13.8. In the course of the business relationship, PFS shall occasionally send the Customer information about PFS services/products (similar to the services ordered by the Customer) and (marketing) events of PFS by means of electronic messages (including email) pursuant to Section 107 (3) of the Austrian Telecommunications Act (Telekommunikationsgesetz, TKG), whereby the Customer shall be free to object to such mailings at any time, free of charge and without stating reasons.
14. CONFIDENTIALITY AND LOYALTY
14.1. Both contracting parties undertake to treat all confidential information obtained directly or indirectly within the scope of the agreed services as confidential and to use it only in connection with the agreed scope of services. This means in particular not to disclose this information to unauthorized third parties or make it accessible to unauthorized third parties in any other form without the explicit consent of the disclosing party and to take all reasonable precautions to prevent unauthorized third parties from accessing this information.
14.2. Confidential information shall only be disclosed to those authorized persons who need to receive it due to their activity for the agreed scope of services. Authorized persons are (only) employees or (sub)contractors who are subject to these confidentiality provisions or who have signed a corresponding confidentiality agreement. The Customer shall be liable to PFS for any pecuniary or other damage pursuant to the Austrian Act against Unfair Competition (Bundesgesetz gegen den unlauteren Wettbewerb, UWG) caused by non-compliance with this provision.
14.3. The contracting parties undertake to be loyal to each other. They shall refrain from any enticement and employment, also via third parties, of employees and (sub)contractors of the other contractual partner who have participated in the performance of the service for the duration and 12 months after termination of the contract. The contracting party violating this provision shall be obliged to pay the other contracting party liquidated damages in the amount of one year’s salary of the person enticed away.
15. PLACE OF PERFORMANCE, JURISDICTION AND APPLICABLE LAW
15.1. Place of performance shall be the registered office of PFS in Vienna.
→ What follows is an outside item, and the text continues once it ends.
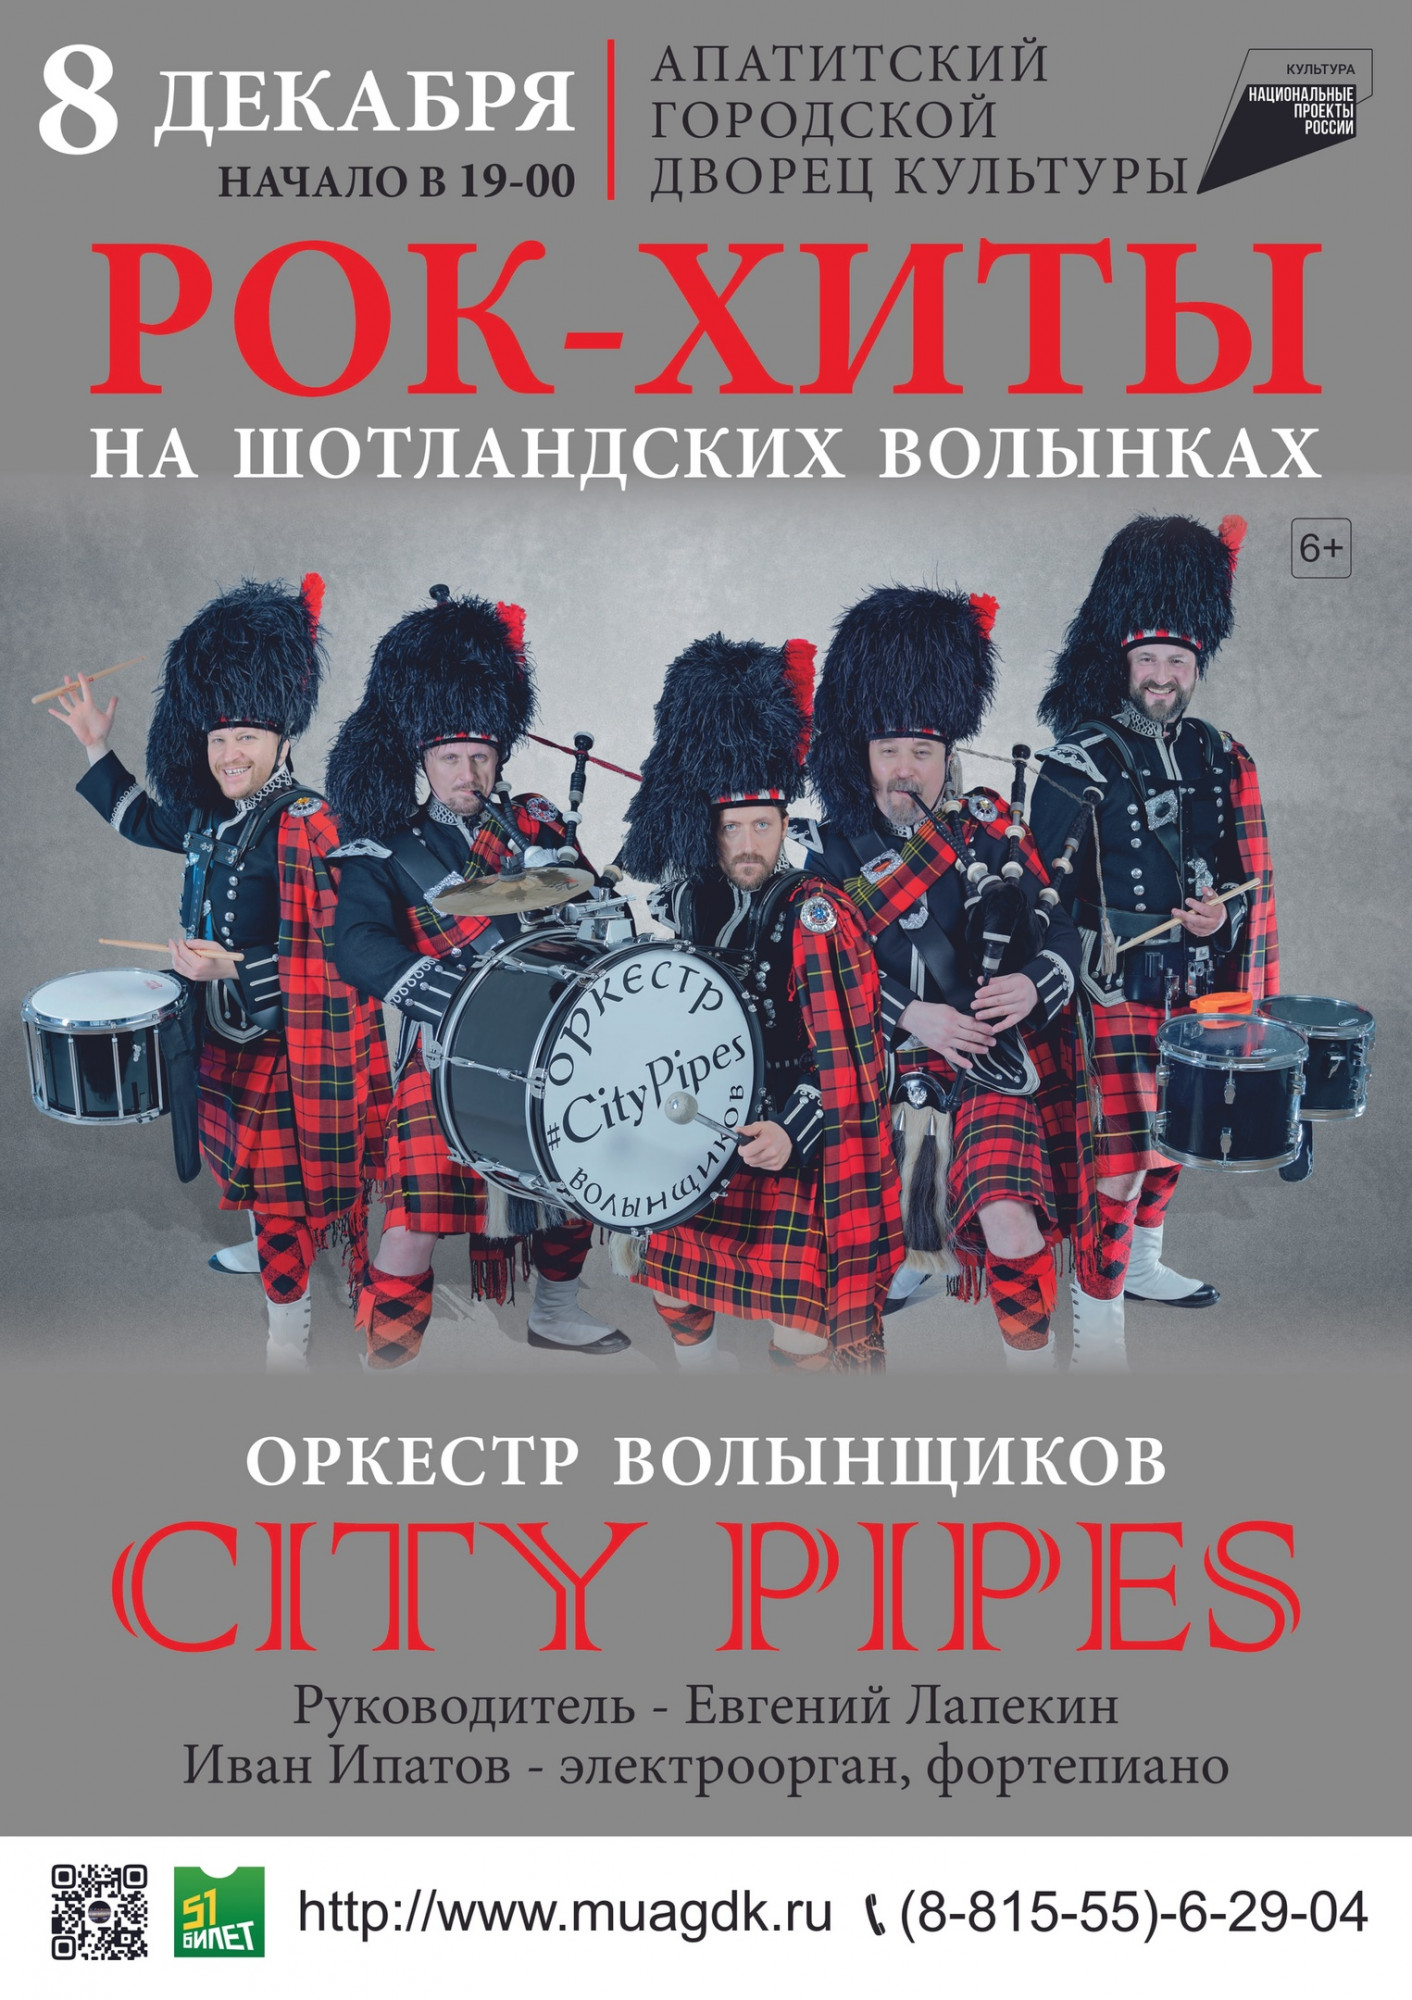 В Апатитах состоится захватывающее шоу от оркестра волынщиков City Pipes

In case of shipment, the risk shall pass to the Customer as soon as PFS has handed over the goods to the carrier (chosen by PFS or the Customer).
15.2. The place of jurisdiction for all legal disputes arising between PFS and the Customer in connection with this contractual relationship, including those concerning its validity, performance, breach, dissolution and their consequences, shall be exclusively the court in Vienna with subject-matter jurisdiction for the registered office of PFS.
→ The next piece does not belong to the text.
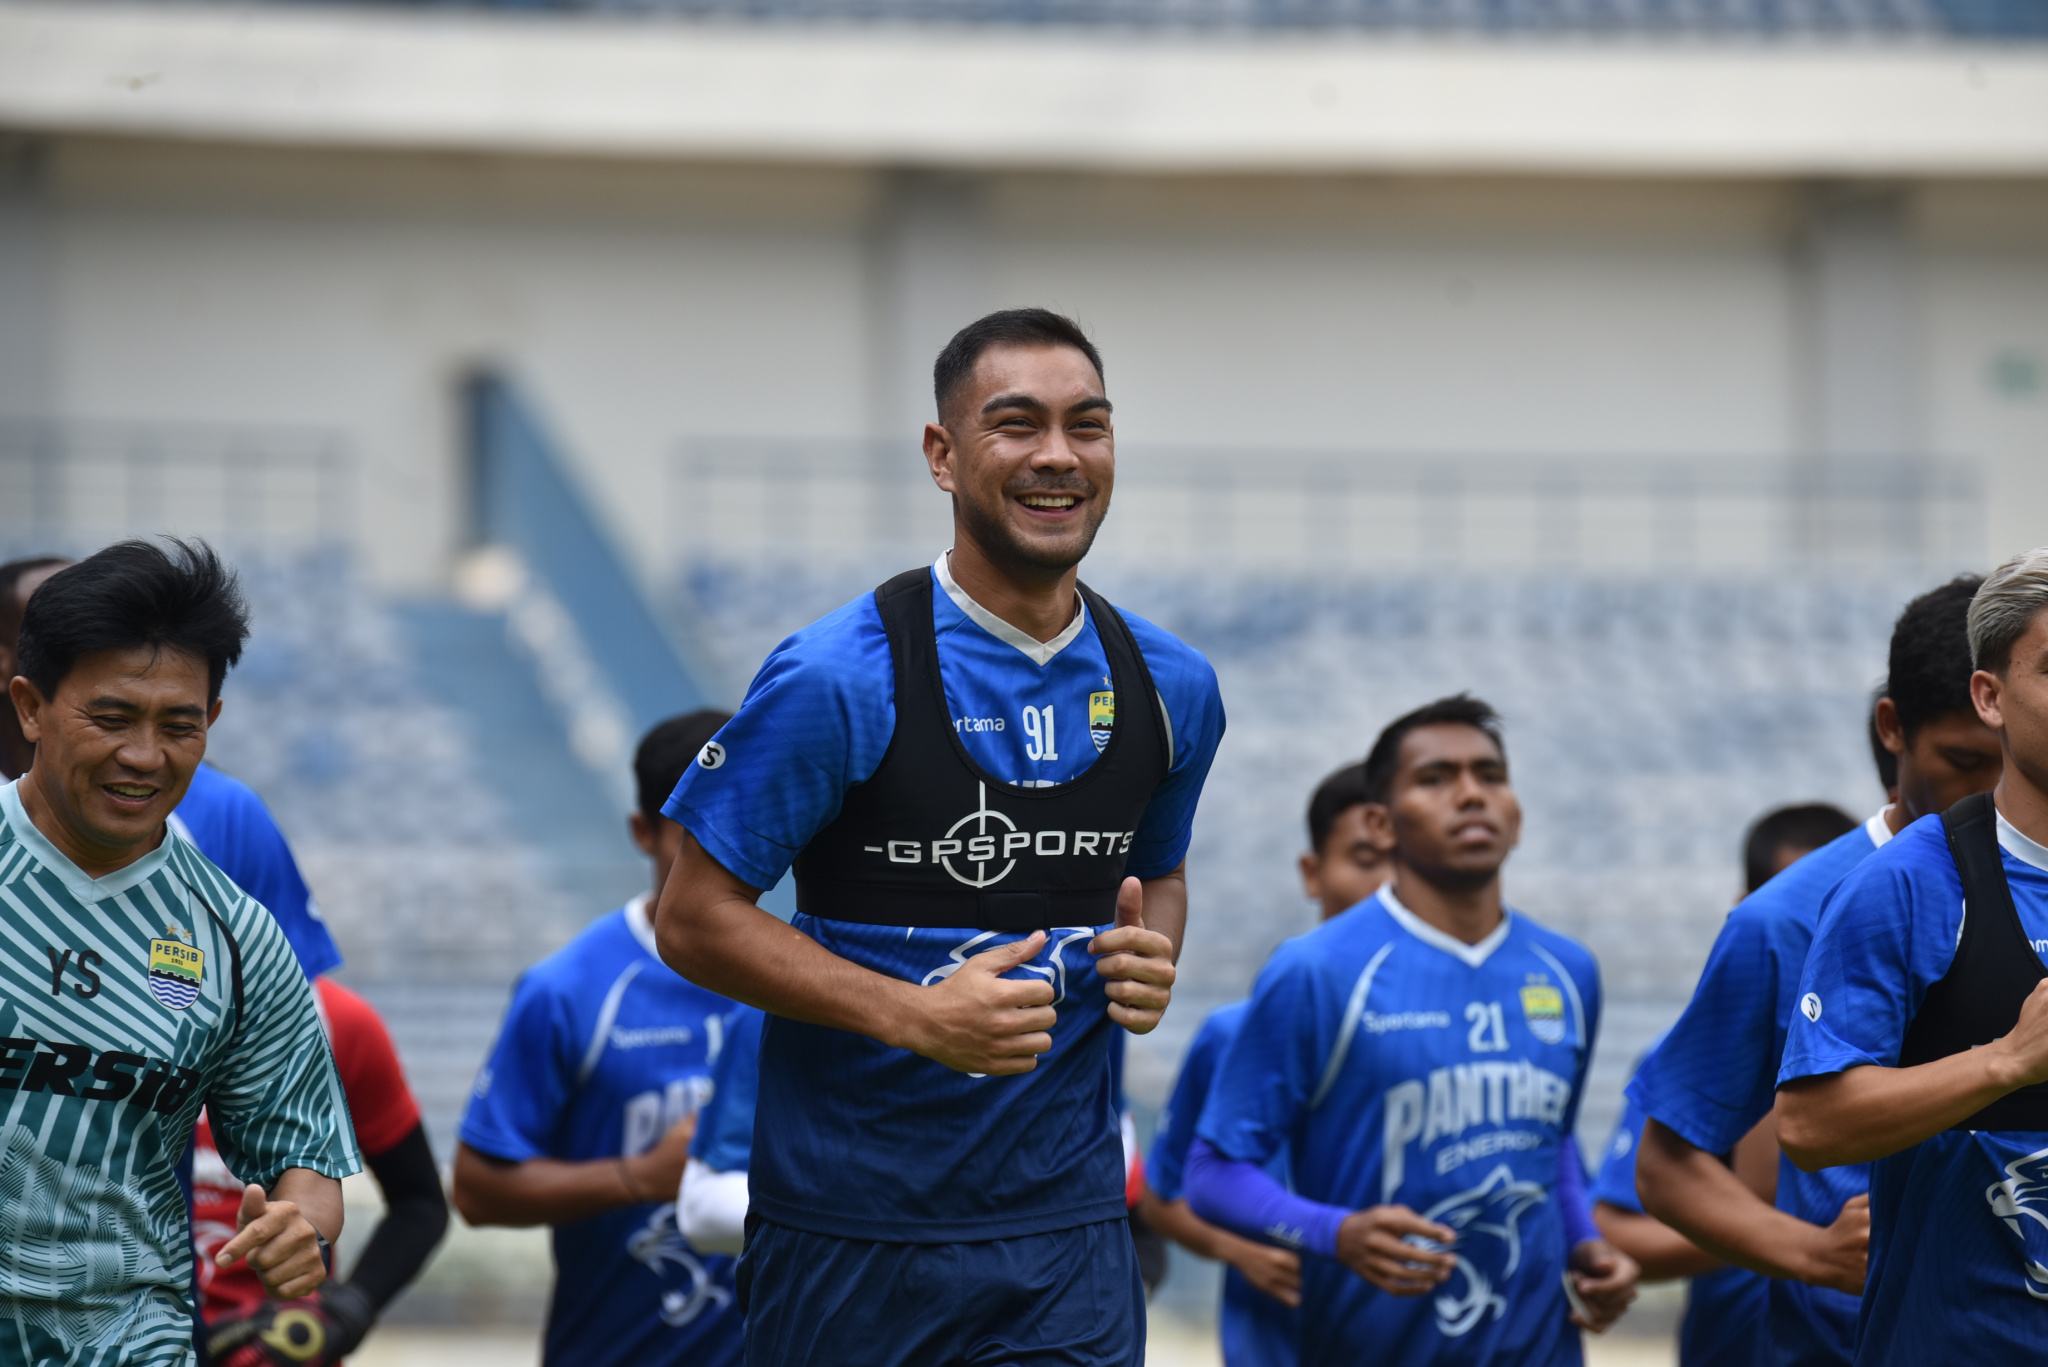 Omid Nazari Bidik Target Ambisius Bersama Persib Bandung di Liga 1 2020

15.3. Austrian law shall apply; the Act on Private International Law (IPRG) as well as the referral norms of Austrian law and the UN Convention on Contracts for the International Sale of Goods (CISG) shall be excluded.
16.1. Changes or additions to these T&C must be made in writing to be valid.
16.2. If PFS and Customer have agreed on a separate Non-Disclosure Agreement (hereinafter “NDA”) prior to the agreement of these T&C and/or the Offer and Contract Documents, such NDA shall apply in addition to these T&C and the Offer and Contract Documents in the absence of any written agreement to the contrary.
16.3. The agreement of these T&C and/or the Offer and Contract Documents does not establish a service or company relationship between PFS and the Customer.
16.4. Notifications by PFS to the Customer shall be deemed to have been received in any case if they are sent to the contact person/(email) address provided by the Customer at the time the order was placed or to the changed contact person/(email) address provided in writing thereafter.
16.5. Should any provision of these T&C be or become invalid or unenforceable in whole or in part, this shall not affect the validity or enforceability of the remaining provisions. The invalid or unenforceable provision shall be replaced by a valid or enforceable provision which comes as close as possible to the invalid or unenforceable provision in its economic content; the same shall apply mutatis mutandis to any gaps in these T&C.